NEUROBIOLOGICAL MODELS OF SPATIAL PROCESSING

One of the aims of this chapter is to present models which deal with the implementation by the brain of spatial processing and memory. Some of these models exclusively concern the hippocampus, either because they account only for one specific type of encoding (setting up of place-cell firing fields: Sharp; distance encoding: Muller and coworkers), or because the basic assumption is that the hippocampus can perform all of the stages in the process (O’Keefe). Other conceptions rely on the cooperation of the hippocampus with neocortical structures, such as the parietal cortex (Poucet; McNaughton and coworkers). Finally, four general models of memory are presented (Teyler and DiScenna; Miller; Damasio; McClelland and coworkers).
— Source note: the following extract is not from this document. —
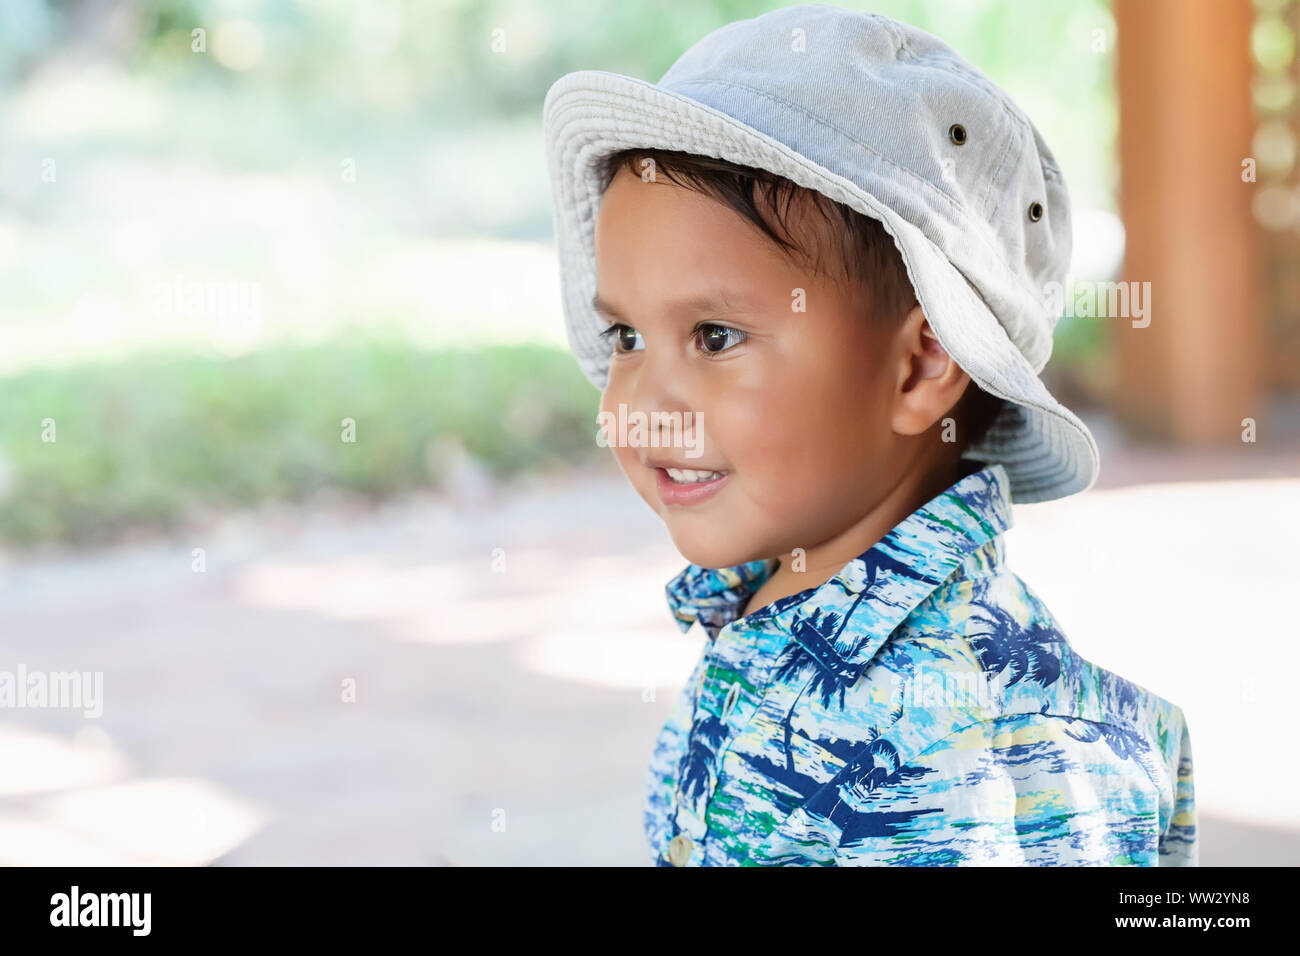 Un chiquillo; 3 año de edad, vistiendo un sombrero y una camiseta de impresión hawaiano, mirando en la distancia con una linda sonrisa en la cara. Foto de stock

Although these models are not specifically aimed at accounting for spatial processing, these are of interest in the present context: in Chapters 7 and 8, I have presented several data which strongly suggest that the associative parietal and prefrontal cortices, and to a lesser extent the occipital area, do subserve complementary spatial functions. Consequently, it is of importance to have some insight, or, at least, hypotheses about how their possible interactions and cooperation with the hippocampal system may be implemented within the brain. In this respect, theories concerning the neural substrates and evolution over time of memories in general provide interesting perspectives which can be applied to spatial memories in particular. Indeed, the memory components of spatial processing can be reasonably thought to be controlled by the same brain mechanisms as those involved in the memory components of any other type of processing (of comparable cognitive level).